I have a game table with these fields:
ID Name Email Points
----------------------------------
1 John john#aaa.com 120
2 Test bob#aaa.com 100
3 John john#bbb.com 80
4 Bob bob#aaa.com 50
5 John john#aaa.com 80
I want to group them by email (email Identifies that both players are the same no matter that row 2 and 4 have different names) and have also sum of points and the last entered name in the results and rank them with the heighest sum of points to the lowest
the Result I want from the sample table is:
Ranking Name Points Games_Played Average_Points
------------------------------------------------------------------------------------------
1 John 200 2 100
2 Bob 150 2 75
3 John 80 1 80
I could achieve getting ranking, sum of points, and average points but getting the last entered name I think need joining with the same table again and it seems a little wrong.
Any ideas how to do this?
Displaying the Name and grouping be email will cause to use e.g.

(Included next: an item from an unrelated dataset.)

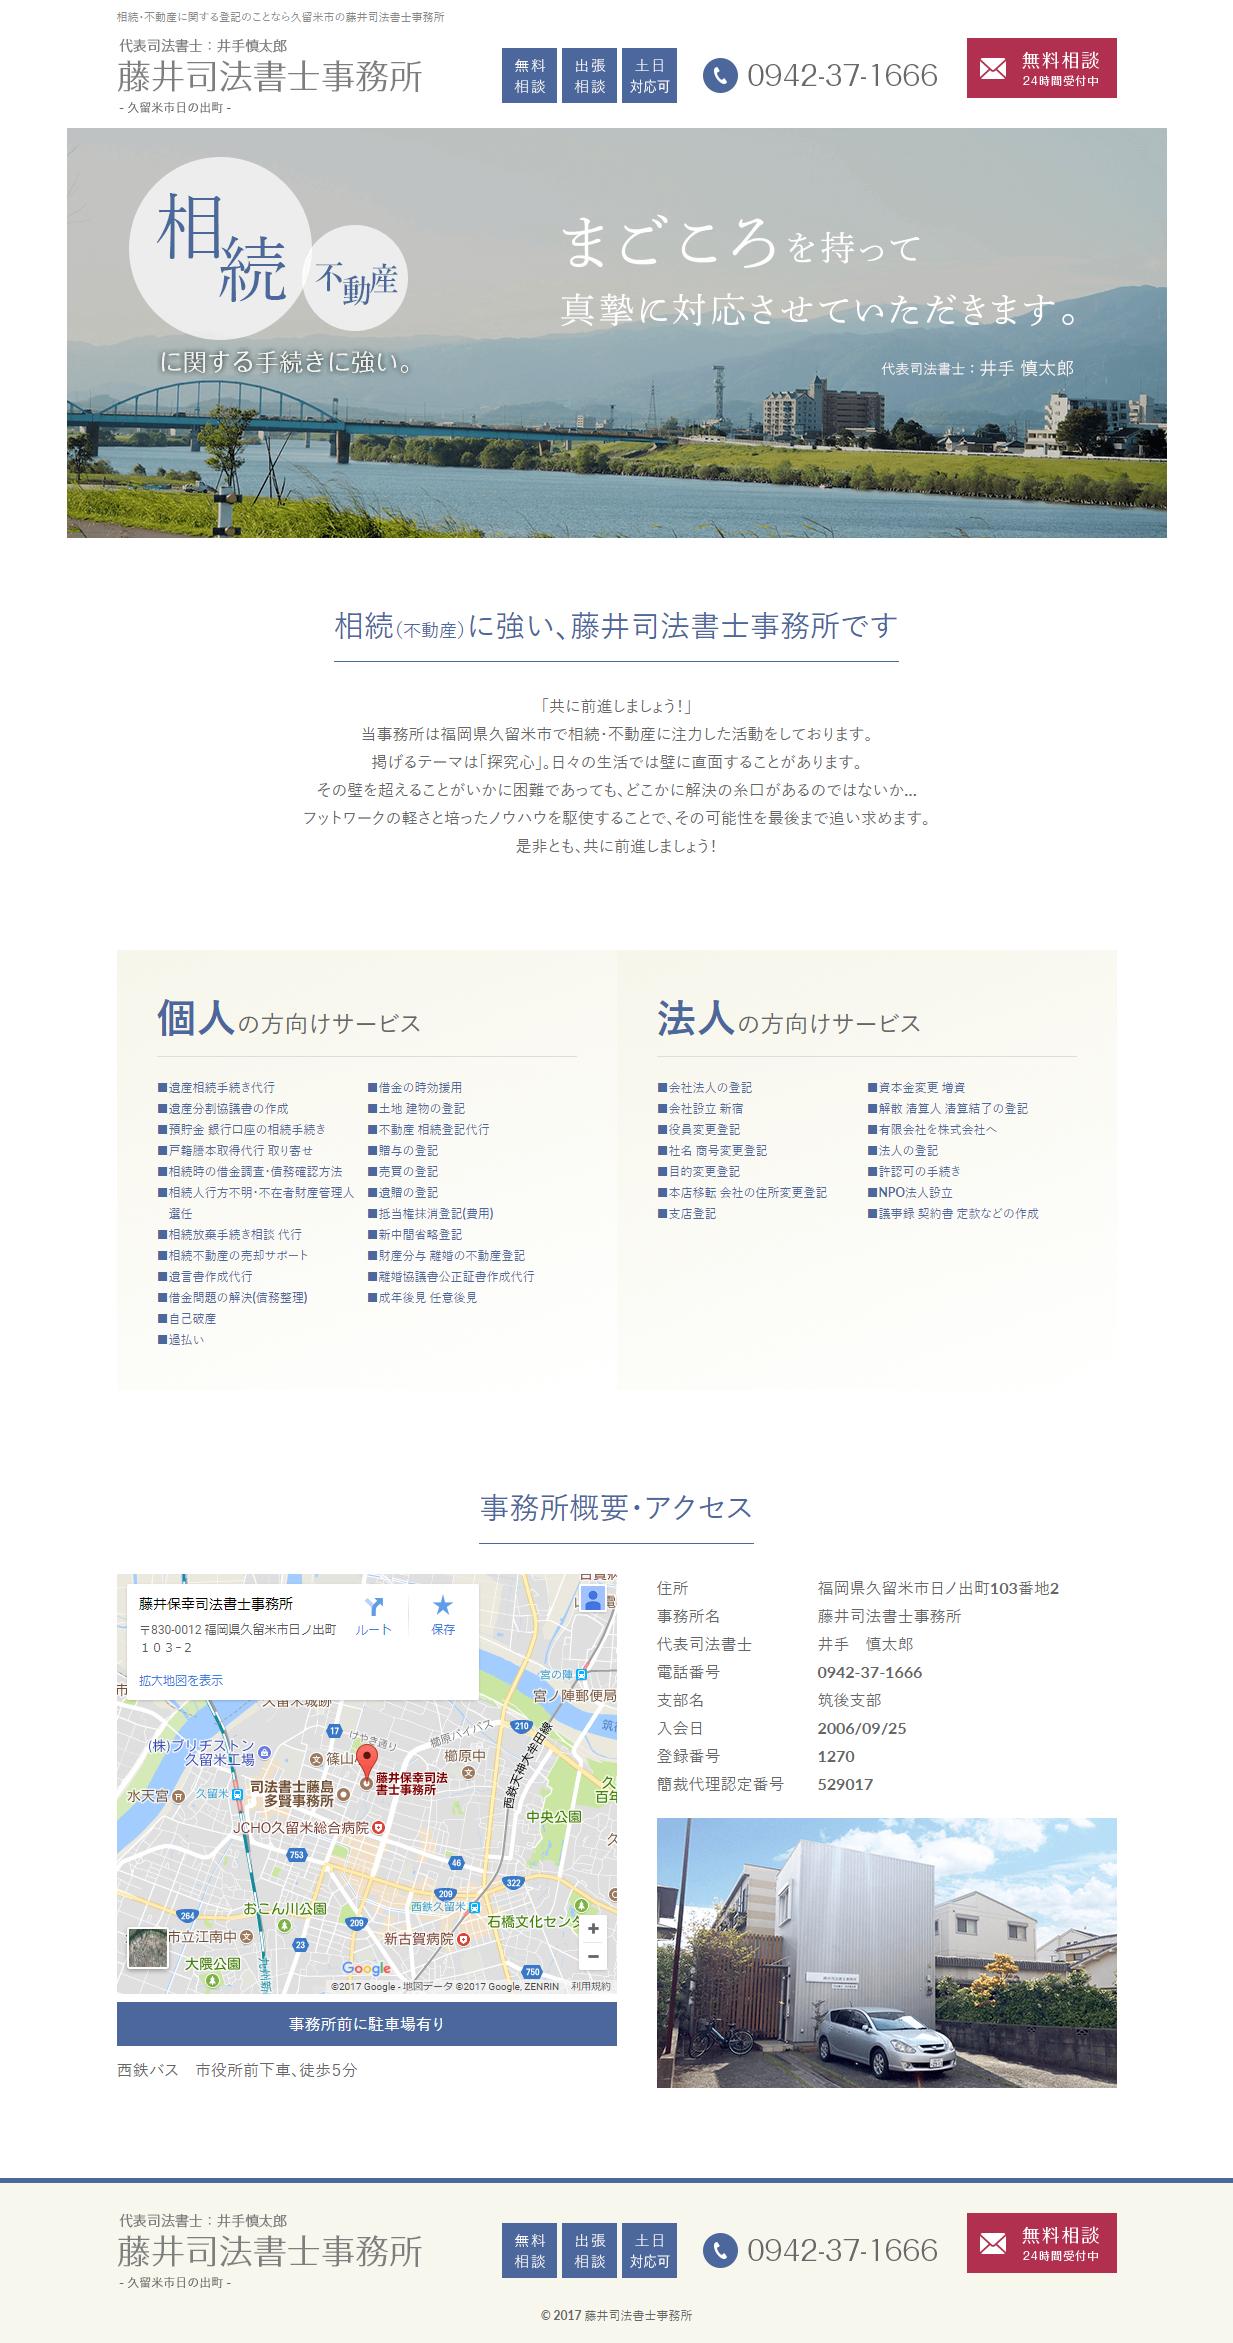 藤井司法書士事務所様 プレサイト制作実績

MIN(Name) and lead to duplicate names.
Select Rank() over (order by Points desc) as Rank
,Name,Points,Games_Played,Average_Points
from
(
Select Min(Name) as Name,Email,Sum(Points) as Points
,Count(*) as Games_Played,AVG(Points) as Average_Points
From #a Group by Email
) a
order by Rank
SQLFiddle
in the Fiddle are two commented lines you should uncomment to see the behavior on identical results.

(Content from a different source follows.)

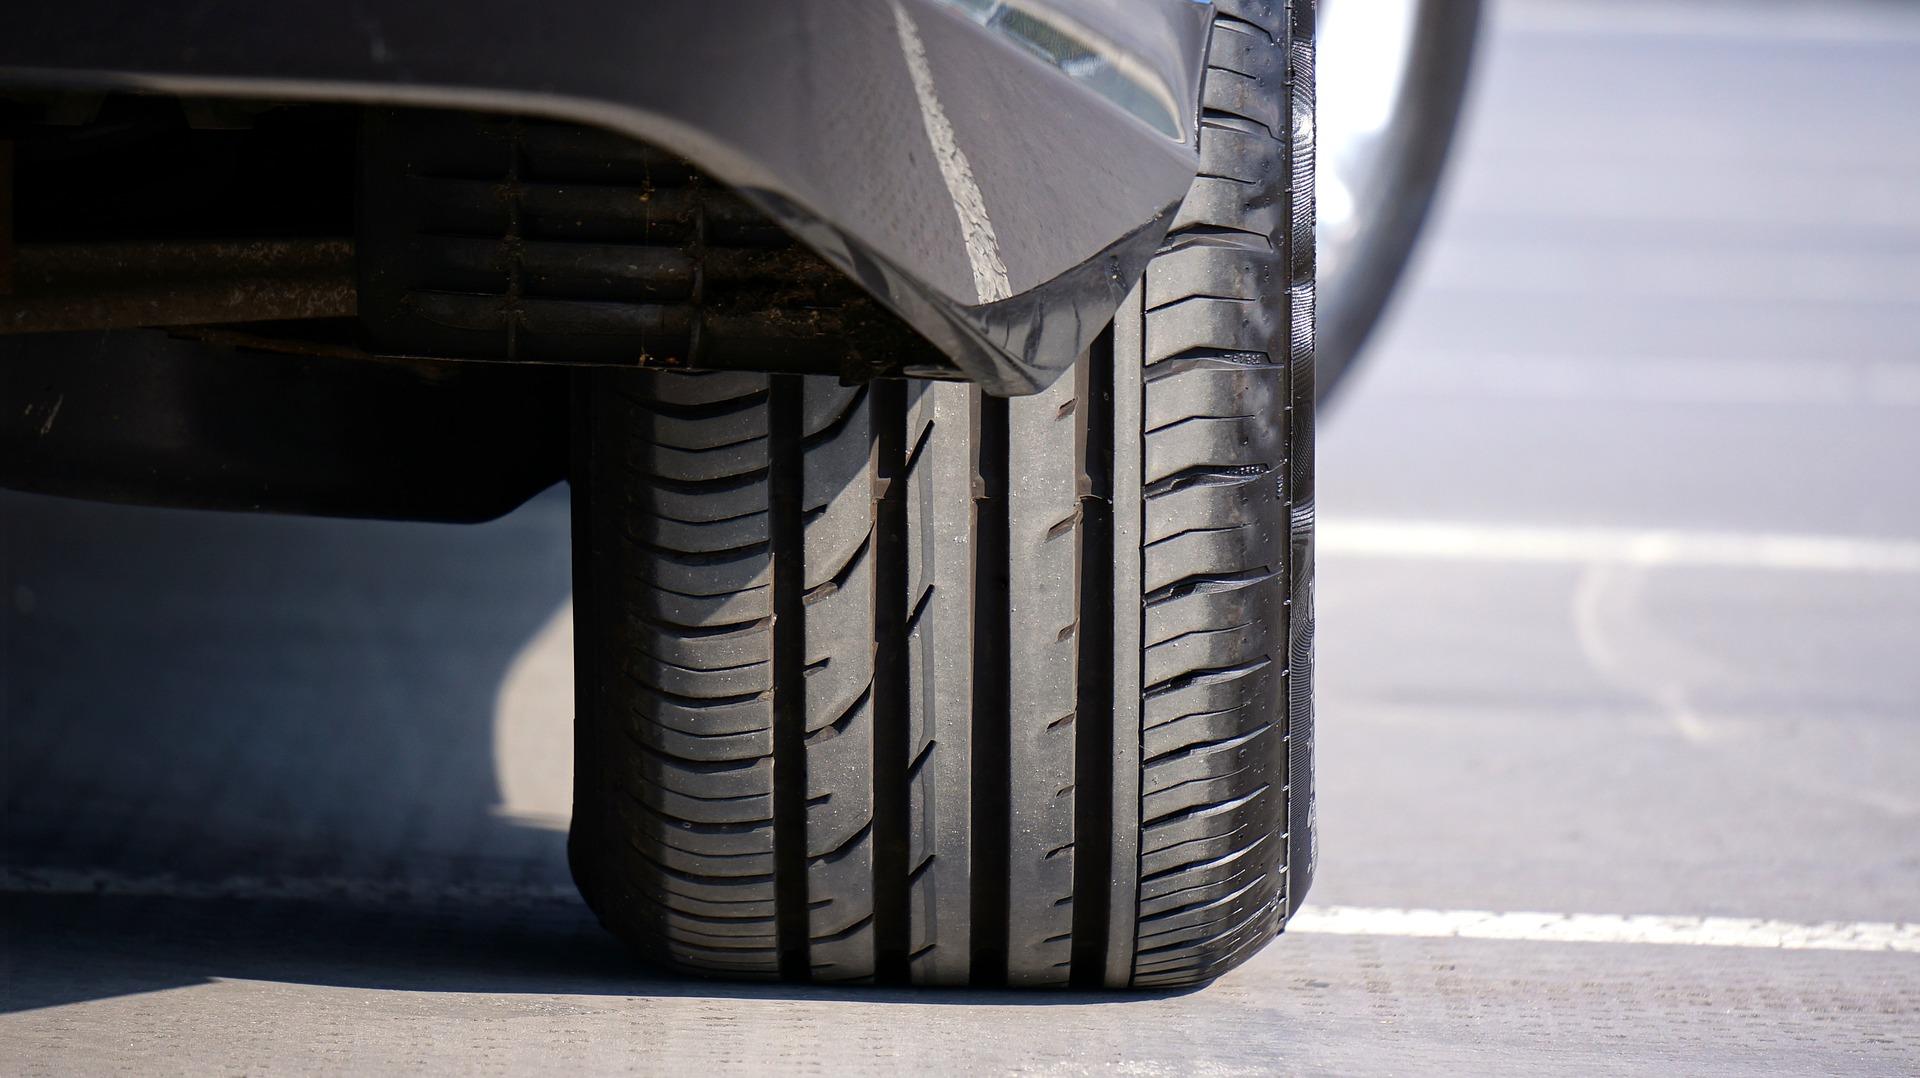 Affinez vos connaissances sur le parallélisme de votre voiture 1

You can use Ranking Functions from SQL-Server 2005 upwards:
WITH Points
AS (SELECT Sum_Points = Sum(points) OVER (
partition BY email),
Games_Played = Count(ID) OVER (
partition BY email),
Average_Points = AVG(Points) OVER (
partition BY email),
Rank = DENSE_RANK() OVER (
Partition BY email Order By Points DESC),
*
FROM dbo.Game)
SELECT Ranking=DENSE_RANK()OVER(ORDER BY Sum_Points DESC),
Name,
Points=Sum_Points,
Games_Played,
Average_Points
FROM Points
WHERE Rank = 1
Order By Sum_Points DESC;
DEMO
Note that the result is different since i'm showing the row with the highest point in case that the email is not unique, so "Test" instead of "Bob".

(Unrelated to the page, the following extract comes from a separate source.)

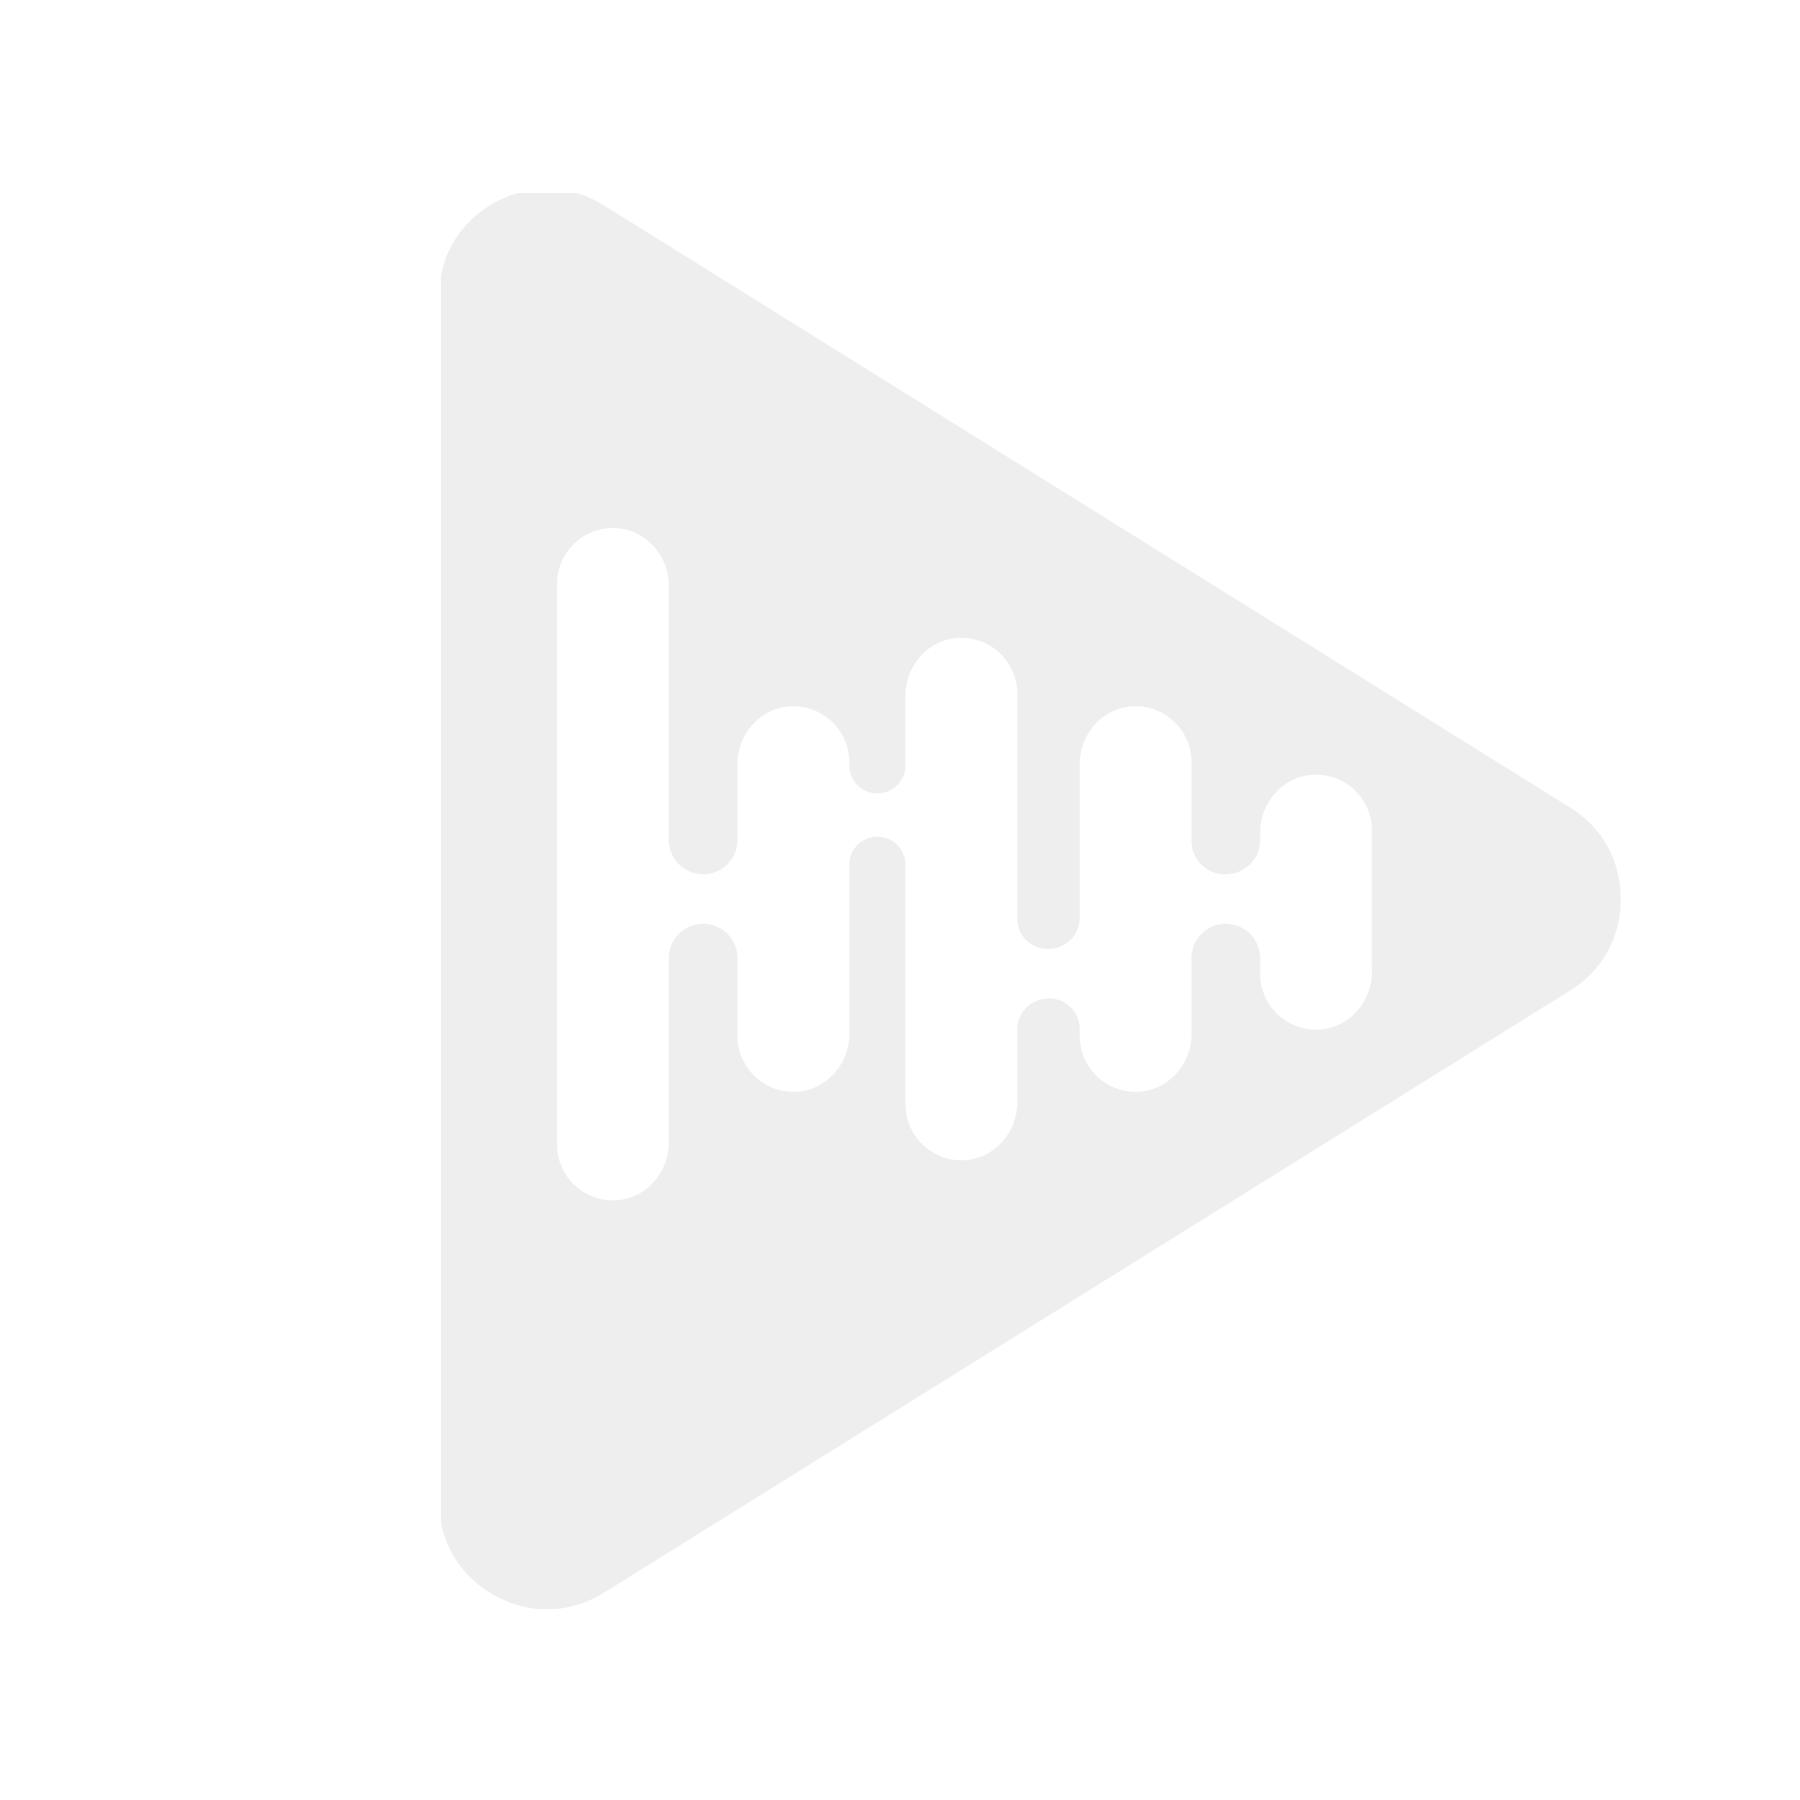 Audison AV 5.0 - DEMO, STK

Below are separate solutions for SQL Server 2012+, 2005 to 2008 R2, and 2000:
2012+
CREATE TABLE #PlayerPoints
( ID INT PRIMARY KEY
, Name VARCHAR(10) NOT NULL
, Email VARCHAR(20) NOT NULL
, Points INT NOT NULL);
INSERT INTO #PlayerPoints (ID, Name, Email, Points)
VALUES
(1, 'John', 'john#aaa.com', 120)
, (2, 'Test', 'bob#aaa.com', 100)
, (3, 'John', 'john#bbb.com', 80)
, (4, 'Bob', 'bob#aaa.com', 50)
, (5, 'John', 'john#aaa.com', 80)
WITH BaseData
AS
(SELECT ID
, Email
, Points
, LastRecordName = LAST_VALUE(Name) OVER
(PARTITION BY Email
ORDER BY ID DESC
ROWS UNBOUNDED PRECEDING)
FROM #PlayerPoints)
SELECT Email
, LastRecordName = MAX(LastRecordName)
, Points = SUM(Points)
, Games_Played = COUNT(*)
, Average_Points = AVG(Points)
FROM BaseData
GROUP BY Email
ORDER BY Points DESC;
2005 to 2008 R2
CREATE TABLE #PlayerPoints
( ID INT PRIMARY KEY
, Name VARCHAR(10) NOT NULL
, Email VARCHAR(20) NOT NULL
, Points INT NOT NULL);
INSERT INTO #PlayerPoints (ID, Name, Email, Points)
VALUES
(1, 'John', 'john#aaa.com', 120)
, (2, 'Test', 'bob#aaa.com', 100)
, (3, 'John', 'john#bbb.com', 80)
, (4, 'Bob', 'bob#aaa.com', 50)
, (5, 'John', 'john#aaa.com', 80)
WITH BaseData
AS
(SELECT ID
, Email
, Name
, ReverseOrder = ROW_NUMBER() OVER
(PARTITION BY Email
ORDER BY ID DESC)
FROM #PlayerPoints)
SELECT pp.Email
, LastRecordName = MAX(bd.Name)
, Points = SUM(pp.Points)
, Games_Played = COUNT(*)
, Average_Points = AVG(pp.Points)
FROM #PlayerPoints pp
JOIN BaseData bd
ON pp.Email = bd.Email
AND bd.ReverseOrder = 1
GROUP BY pp.Email
ORDER BY Points DESC;
2000
CREATE TABLE #PlayerPoints
( ID INT PRIMARY KEY
, Name VARCHAR(10) NOT NULL
, Email VARCHAR(20) NOT NULL
, Points INT NOT NULL);
INSERT INTO #PlayerPoints (ID, Name, Email, Points)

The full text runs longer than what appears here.